Corporate investment-financing policies and options theory.

Authors
Publication date
1998
Publication type
Thesis
Summary Corporate finance differs from market finance both in the techniques used and in the heterogeneity of its analytical schemes. However, the use of option theory is particularly fruitful for analyzing the main problems of corporate finance. On the one hand, corporate investment decisions are likely to be analyzed in terms of contingent securities when the underlying projects have a flexibility component. This gives them an option value, the taking into account of which is likely to invalidate the traditional rules of investment decisions of the net present value type. This approach to corporate operating decisions is commonly referred to in the literature as real options theory.

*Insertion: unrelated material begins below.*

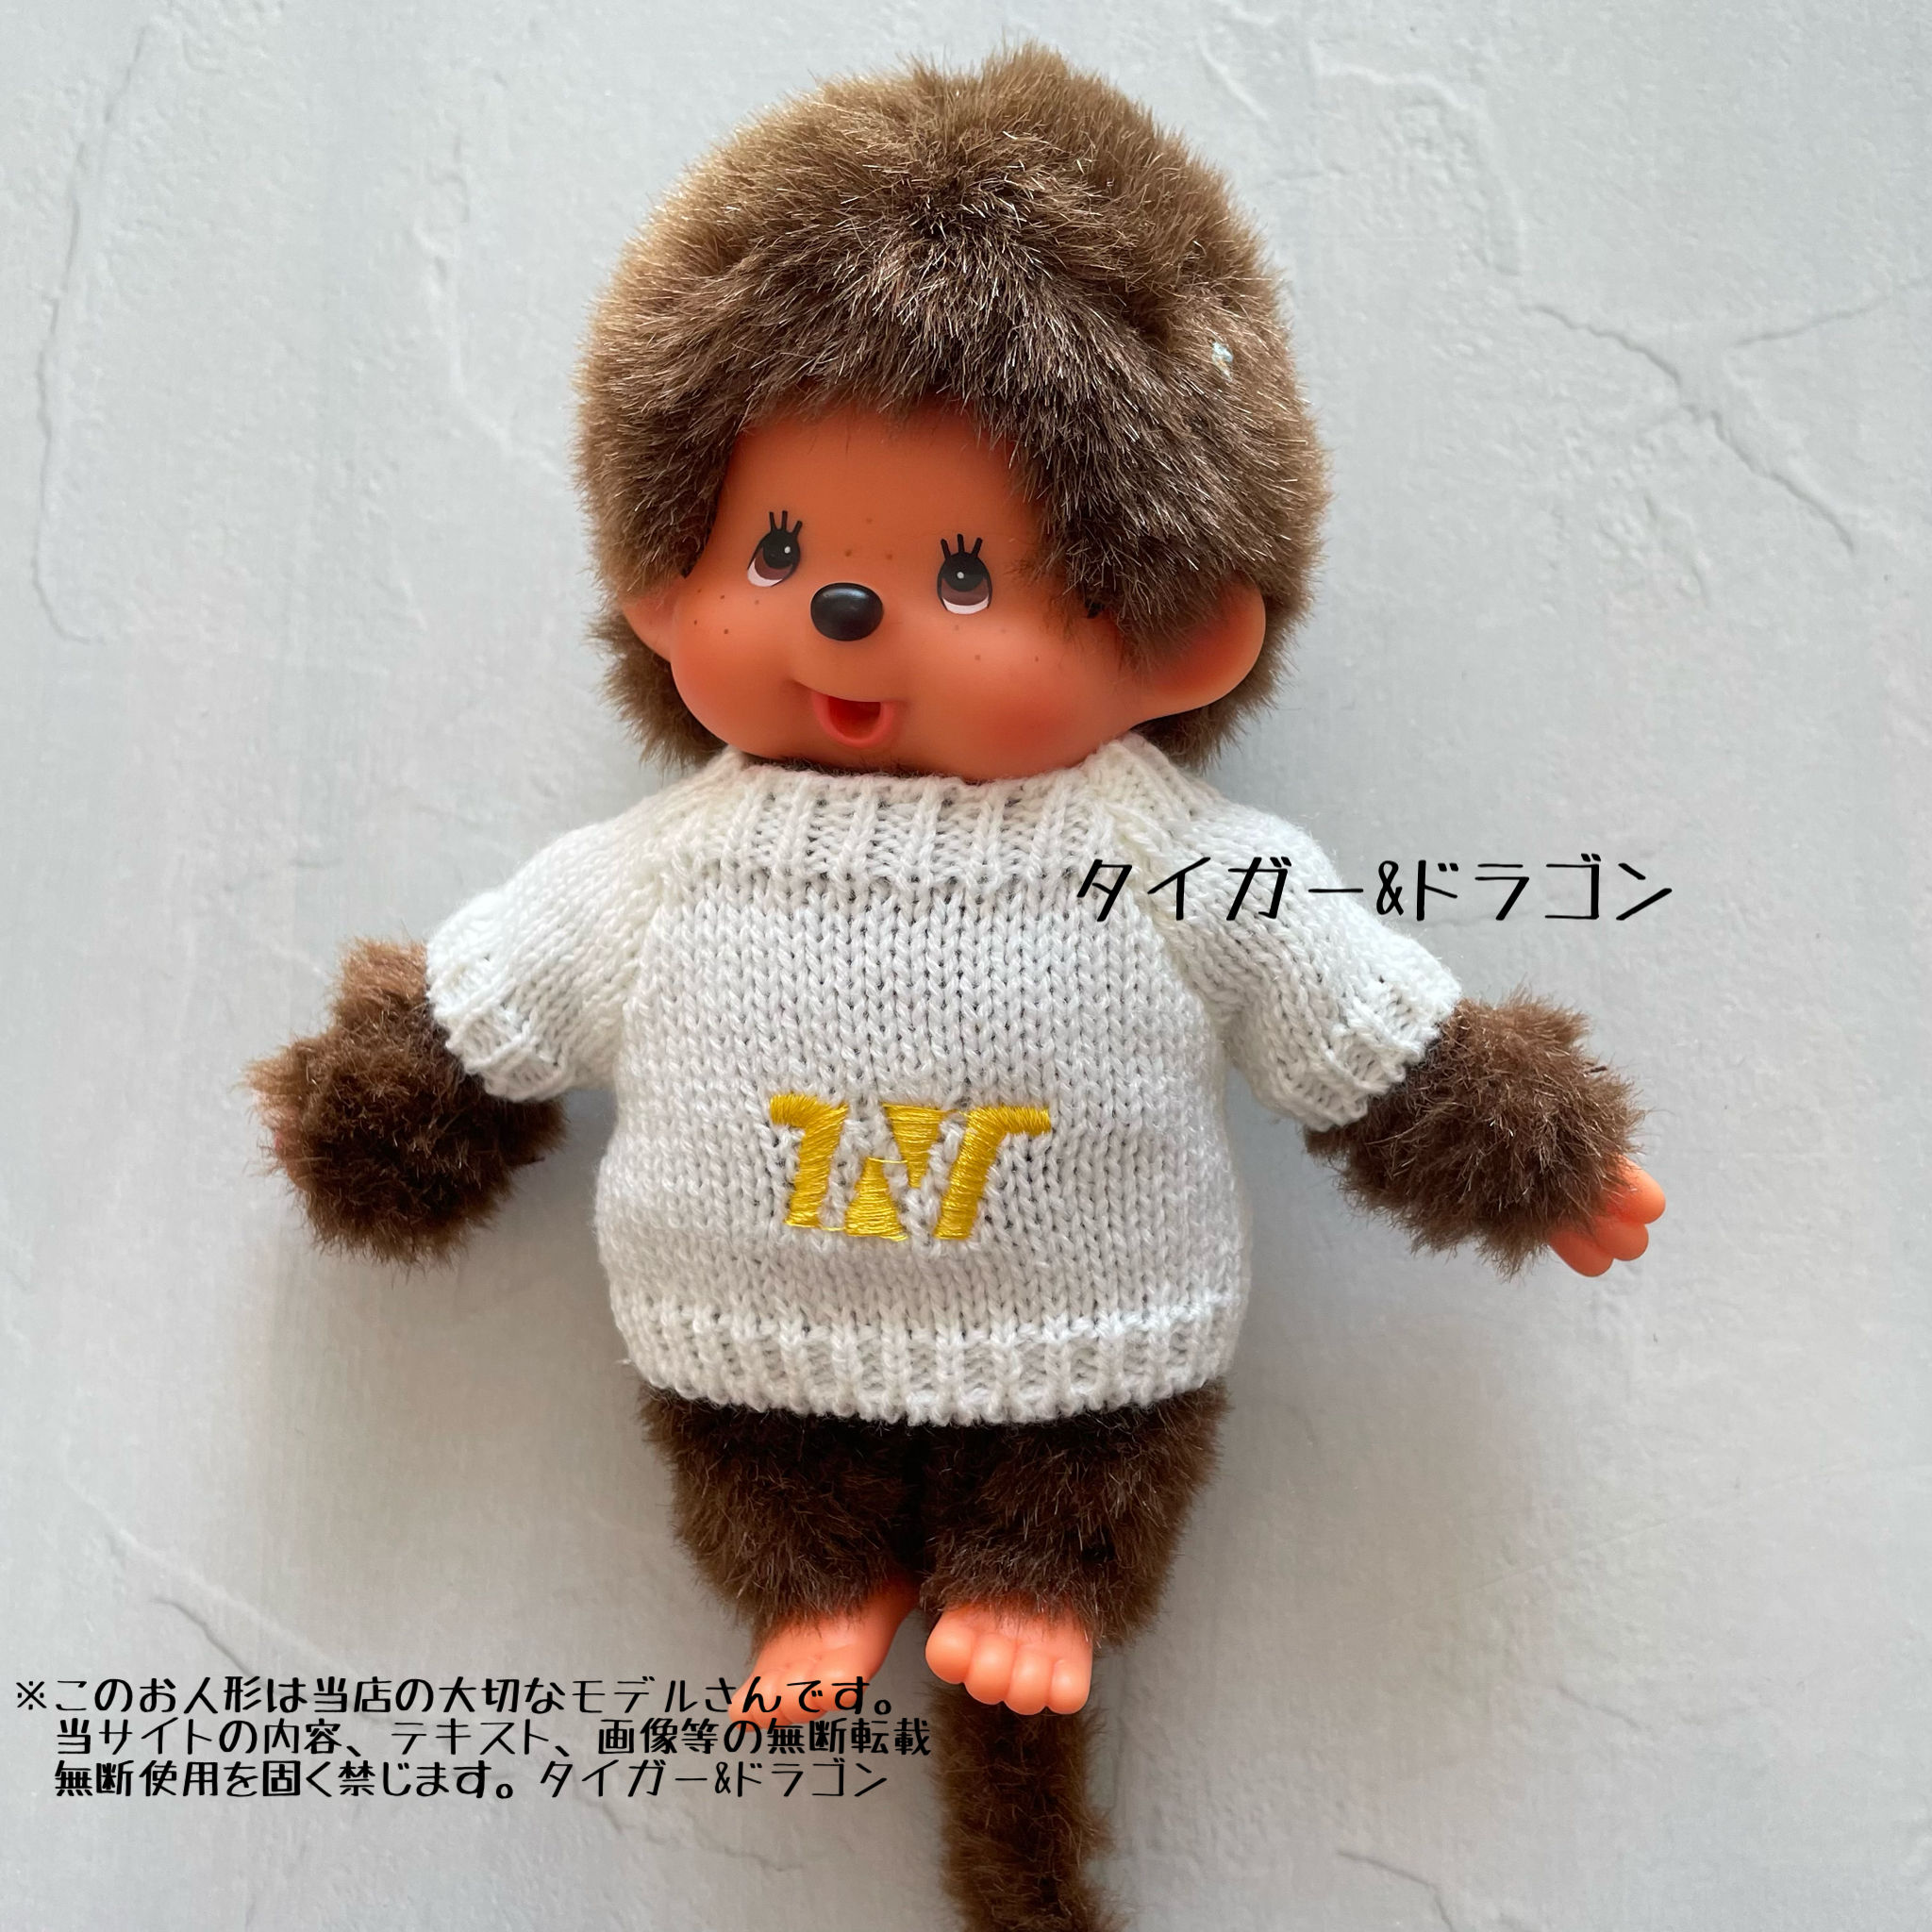 monchichiS размер простой белый свитер мягкая игрушка вязаный свитер .... кукла одежда

Second, the securities issued by the firm to finance itself can also be interpreted in terms of derivatives. Options theory then allows us to develop a unified scheme for valuing these securities, with the major application of this analysis residing in the study of the default risk of private sector bonds. Finally, we can synthesize these two approaches by studying the interactions between the investment and financing policies of a firm whose assets have a flexibility component that can be analyzed in terms of real options. These interactions, which fall within the framework of agency theory, can concern both the influence of debt and the structure of the firm's shareholding on its investment decisions. This thesis thus proposes a unified approach to corporate finance through option theory. By its quantitative aspect as well as by its anchoring in the theory of arbitrage valuation, it also constitutes an attempt at methodological reconciliation between corporate and market finance.